Feature engineering transforms raw data into meaningful inputs that improve model performance. By extracting domain-relevant information, combining related attributes, and creating derived metrics, you give your models the patterns they need to learn effectively. Often, well-engineered features have more impact on accuracy than algorithm selection itself.

Common Feature Engineering Techniques:

Mathematical Transformations

Purpose: Derive meaningful relationships between existing numerical features that capture domain knowledge.

When to use: When you understand how variables relate mathematically (e.g., physics formulas, financial ratios, geometric calculations).

Examples:

  • Area = Length × Width — Captures space better than dimensions alone for real estate pricing
  • BMI = Weight / Height² — Standard health metric more informative than raw weight
  • Profit Margin = (Revenue - Cost) / Revenue — Relative profitability is more comparable across businesses
  • Log(Income) — Reduces skewness in salary data, making distributions more normal
Date/Time Features

Purpose: Extract temporal patterns and cyclical behaviors hidden in timestamp data.

When to use: When behavior varies by time—shopping patterns differ on weekends vs weekdays, sales spike in certain months, traffic varies by hour.

From "2024-03-15 14:30:00" extract:

  • Year — Captures long-term trends and inflation
  • Month/Quarter — Seasonal patterns (holiday shopping, tax season)
  • Day of week — Weekly cycles (weekend vs weekday behavior)
  • Hour — Intraday patterns (morning commute, lunch rush)
  • Is weekend — Binary flag for weekend-specific behavior
  • Days since event — Time elapsed since last purchase, registration, etc.
Text Features

Purpose: Convert unstructured text into numerical signals that capture sentiment, urgency, and content characteristics.

When to use: With customer reviews, support tickets, emails, social media posts, or any text where content style and sentiment matter.

From reviews/comments extract:

  • Word/character count — Detailed reviews may indicate stronger opinions
  • Capital letters ratio — EXCESSIVE CAPS may signal urgency or anger
  • Sentiment score — Positive/negative tone predicts satisfaction
  • Keyword presence — "refund", "broken", "love", "recommend" are strong signals
  • Question marks — Indicates confusion or need for clarification
Binning (Discretization)

Purpose: Convert continuous variables into categorical groups to capture non-linear relationships and reduce noise.

When to use: When the effect isn't linear (e.g., insurance risk doesn't increase smoothly with age—it spikes at certain thresholds).

Age → Age Group:

  • 0-18: Minor — Different legal/purchasing restrictions
  • 19-35: Young Adult — Peak spending on entertainment/tech
  • 36-60: Middle Age — Family-focused purchases, peak earning
  • 60+: Senior — Healthcare focus, retirement spending

Other examples: Income brackets, credit score tiers, temperature ranges

Interaction Features

Purpose: Capture combined effects where two features together have different impact than either alone.

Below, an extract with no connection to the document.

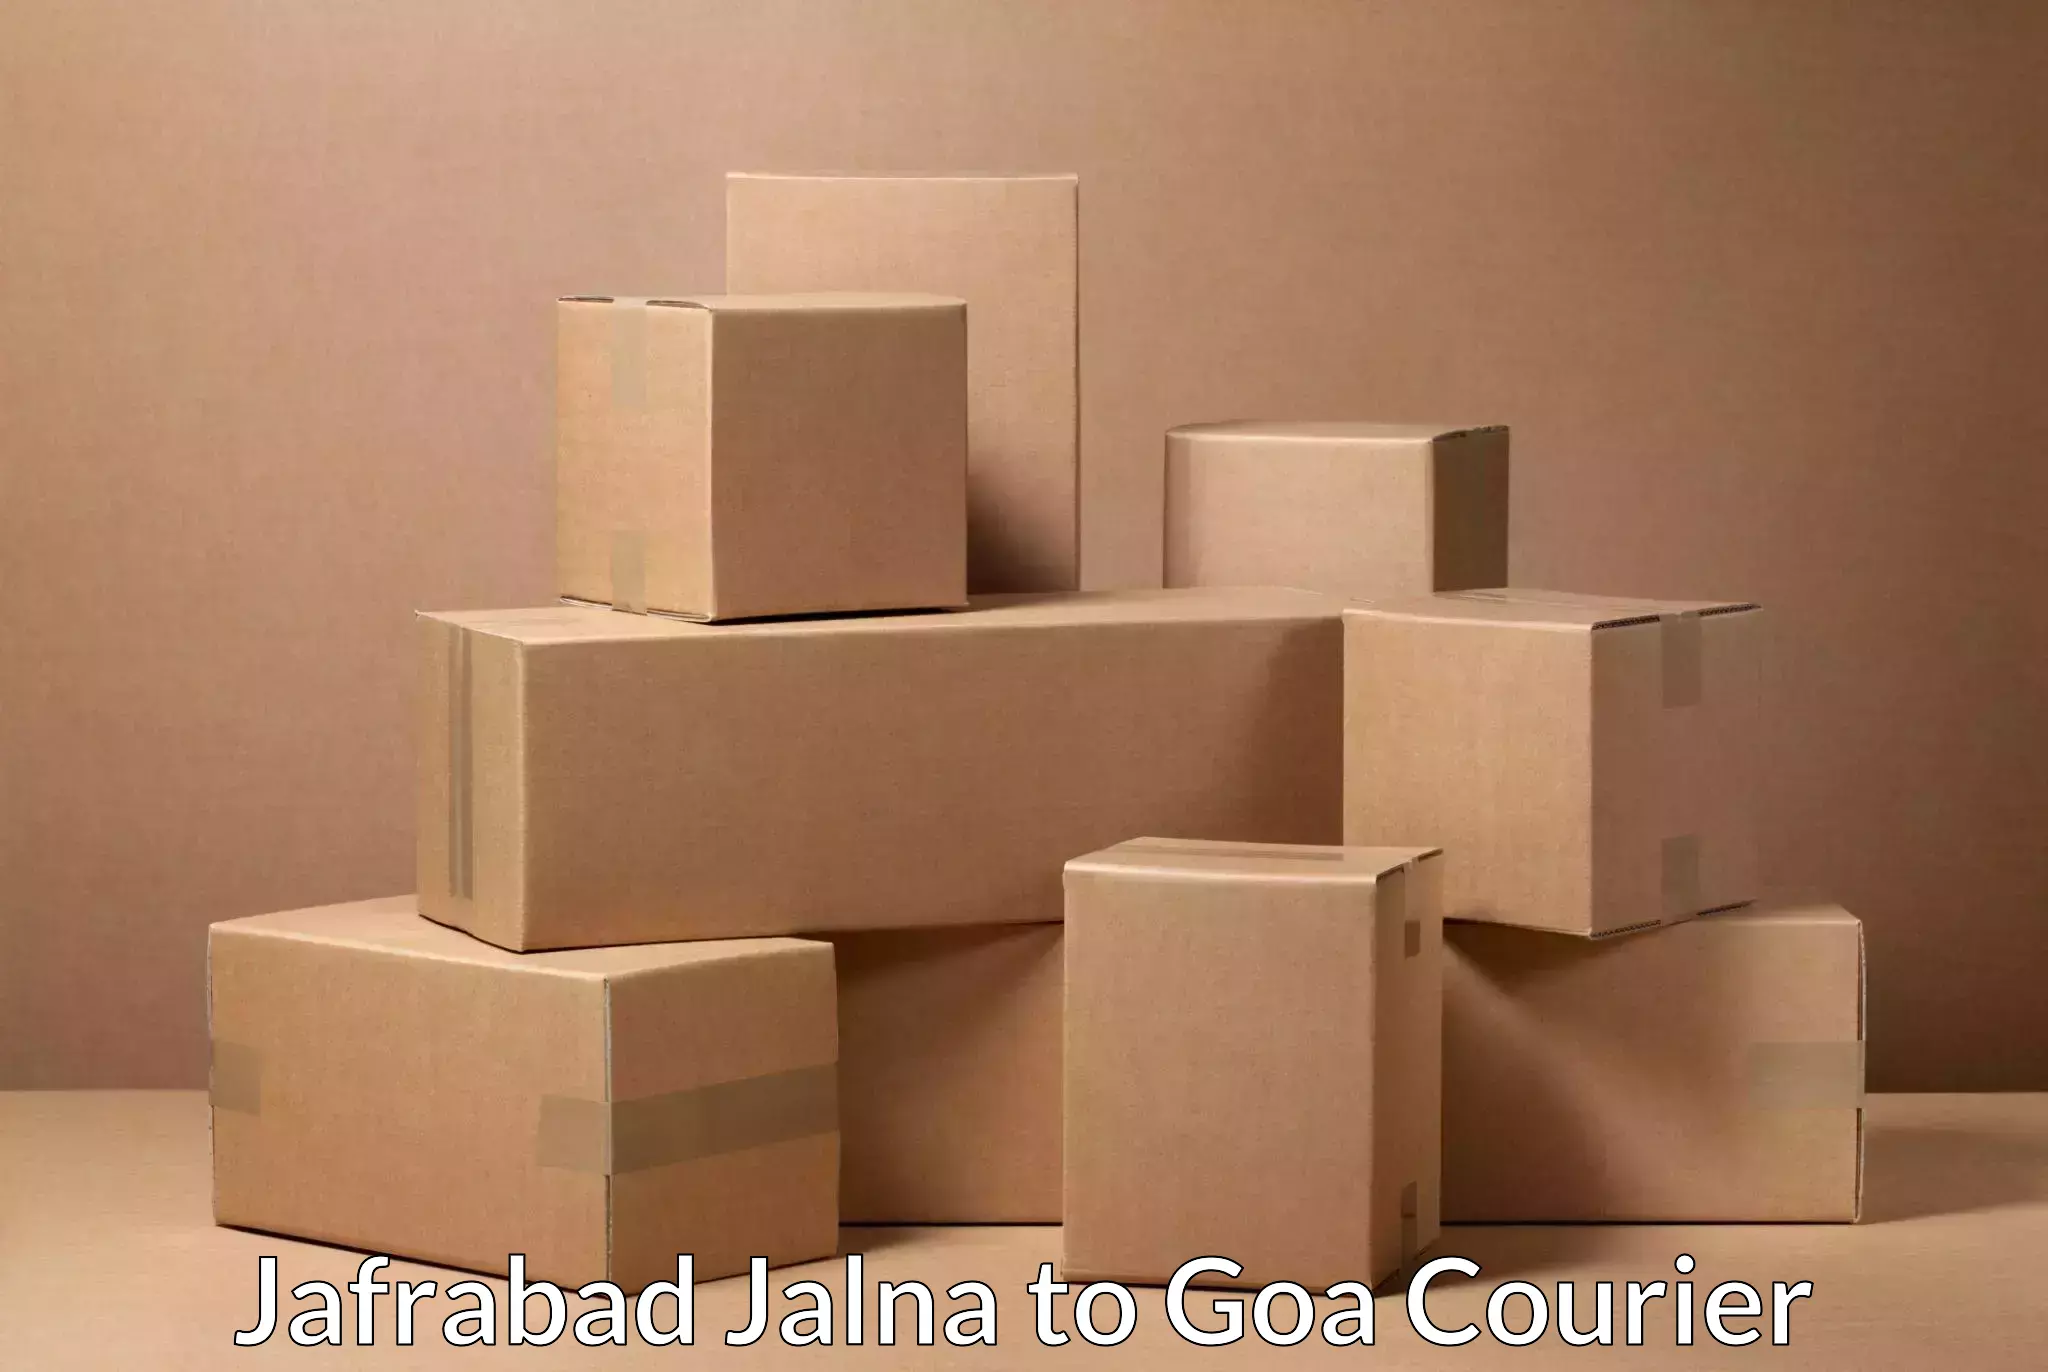 Scheduled delivery in Jafrabad Jalna to Vasco da Gama

When to use: When relationships depend on context—coffee sales differ by location AND time, not just one factor.

Examples:

  • Location × Time — "NYC_Morning" has different commute patterns than "Suburbs_Morning"
  • Category × Price — "Electronics_Premium" buyers behave differently than "Clothing_Premium"
  • Day × Weather — "Weekend_Sunny" drives outdoor retail, "Weekday_Rain" boosts delivery services
  • Age × Income — Young high-earners vs older high-earners have distinct spending patterns
Aggregation Features

Purpose: Summarize historical behavior into features that represent patterns, trends, and entity-level characteristics.

When to use: With transactional data to create customer/product profiles, or when past behavior predicts future actions.

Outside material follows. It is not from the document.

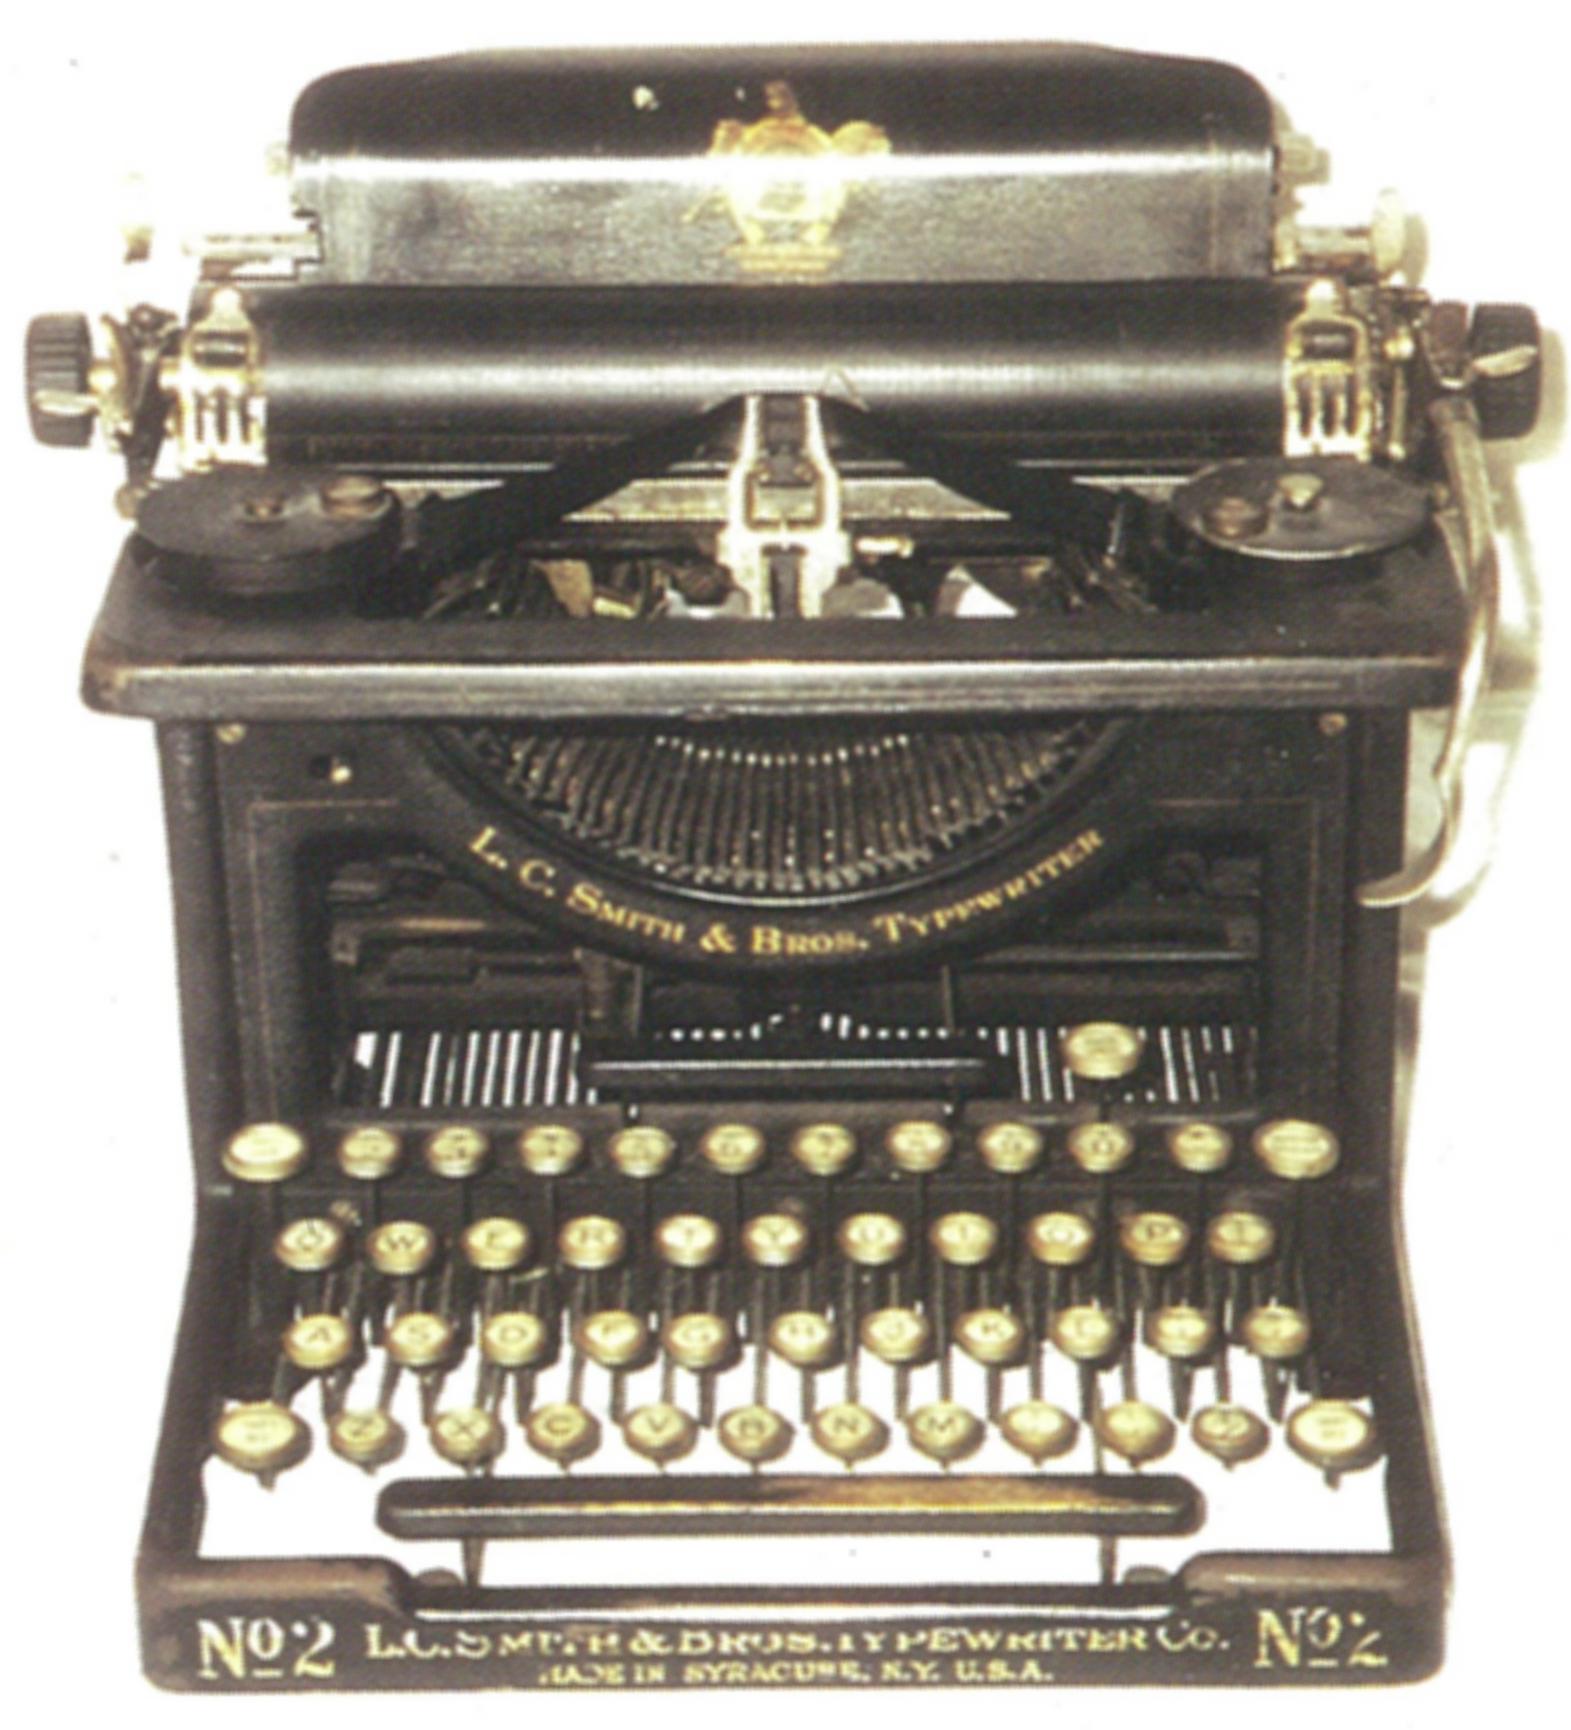 L. C. Smith & Bros. Typewriter No.2

Customer-level aggregations:

  • Total purchases — Customer lifetime value indicator
  • Average order value — Spending tier identification
  • Days since last purchase — Churn risk signal
  • Purchase frequency — Loyalty and engagement metric
  • Category diversity — Cross-category shoppers vs specialists
  • Trend (recent vs historical avg) — Increasing or decreasing engagement
import pandas as pd
import numpy as np

# 1. Mathematical transformations
df['bmi'] = df['weight'] / (df['height'] ** 2)
df['price_per_sqft'] = df['price'] / df['square_feet']
df['profit'] = df['revenue'] - df['cost']

# 2. Date/time features
df['date'] = pd.to_datetime(df['date'])
df['year'] = df['date'].dt.year
df['month'] = df['date'].dt.month
df['day_of_week'] = df['date'].dt.dayofweek
df['is_weekend'] = df['day_of_week'].isin([5, 6]).astype(int)
df['hour'] = df['date'].dt.hour

# 3. Text features
df['review_length'] = df['review'].str.len()
df['word_count'] = df['review'].str.split().str.len()
df['has_exclamation'] = df['review'].str.contains('!').astype(int)

# 4. Binning
df['age_group'] = pd.cut(df['age'],
                         bins=[0, 18, 35, 60, 100],
                         labels=['Child', 'Young Adult', 'Adult', 'Senior'])

# 5. Interaction features
df['location_time'] = df['city'] + '_' + df['time_of_day']

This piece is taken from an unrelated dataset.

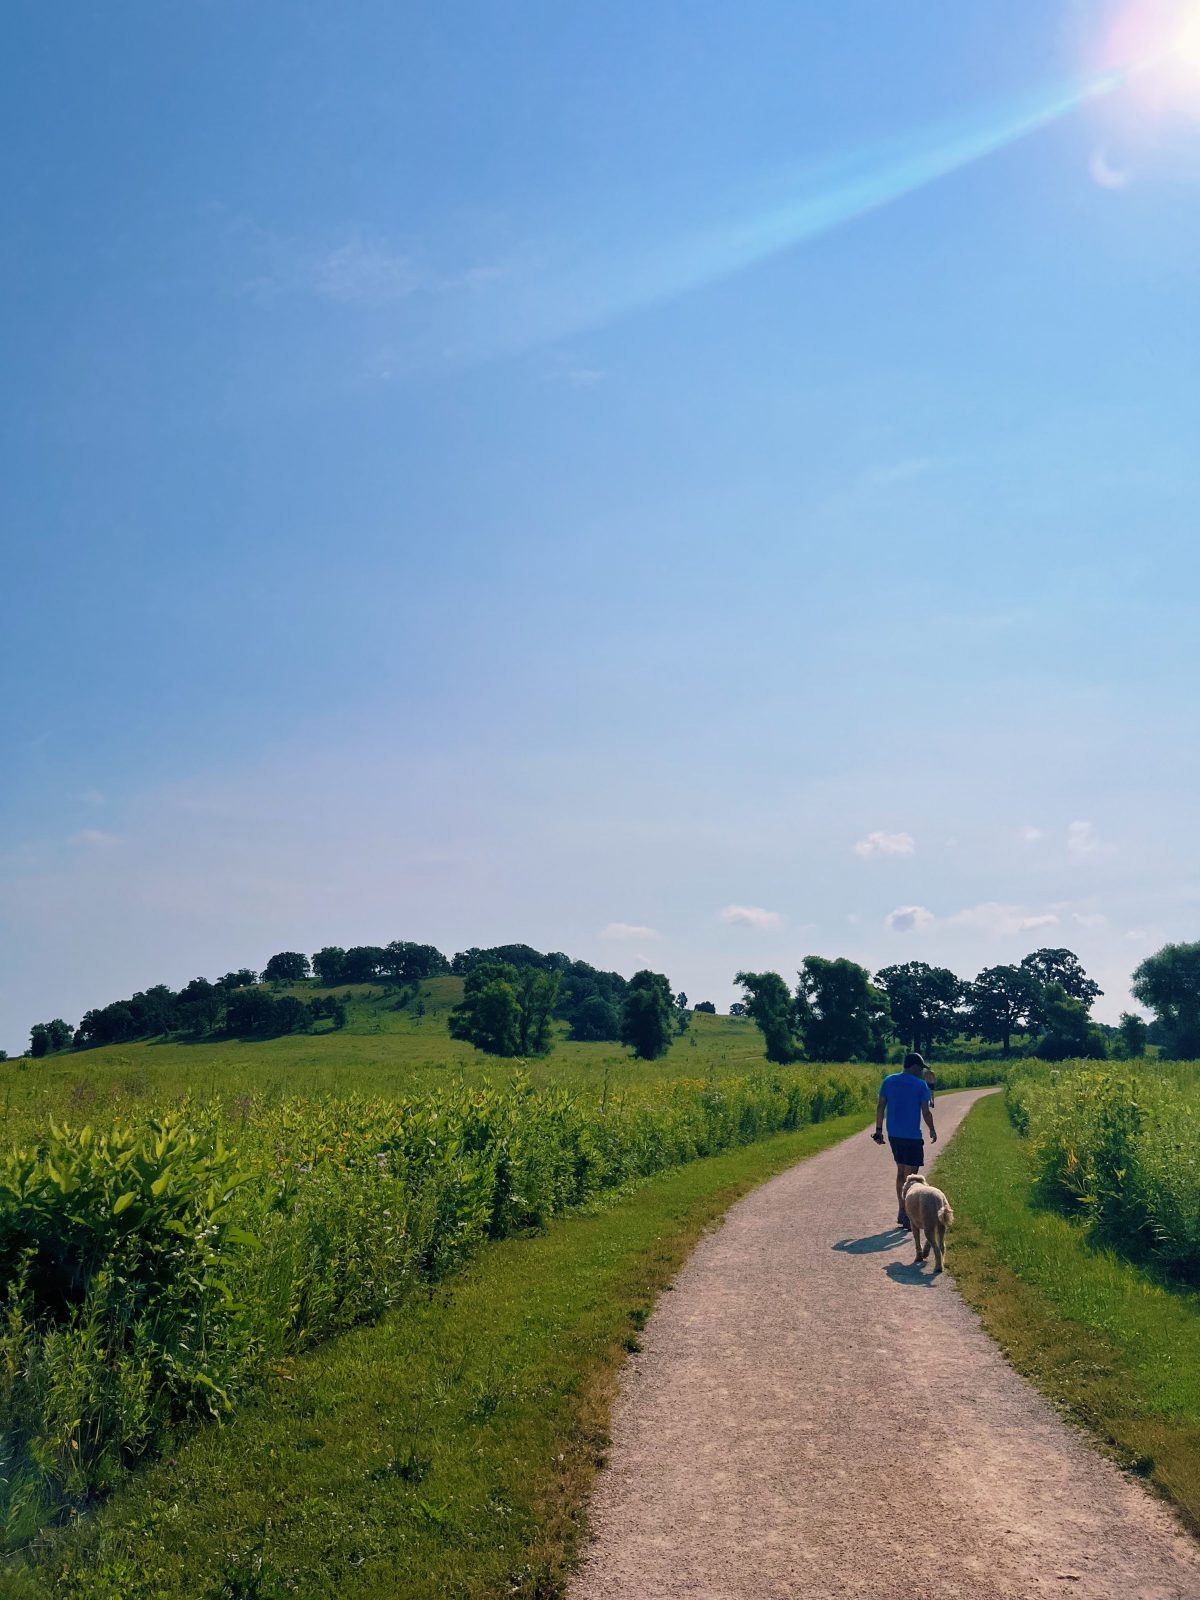 A man walking his dog down a path in a field.

# 6. Aggregation features (customer-level)
customer_stats = df.groupby('customer_id').agg({
    'purchase_amount': ['sum', 'mean', 'count'],
    'date': lambda x: (pd.Timestamp.now() - x.max()).days
})
customer_stats.columns = ['total_spent', 'avg_purchase',
                          'num_purchases', 'days_since_last']

Step 5: Feature Selection

Choosing the Right Features

Not all features contribute equally to model performance. Irrelevant or redundant features introduce noise, increase computational cost, and can cause overfitting. Feature selection identifies and retains only the most informative variables, improving both accuracy and interpretability while reducing training time.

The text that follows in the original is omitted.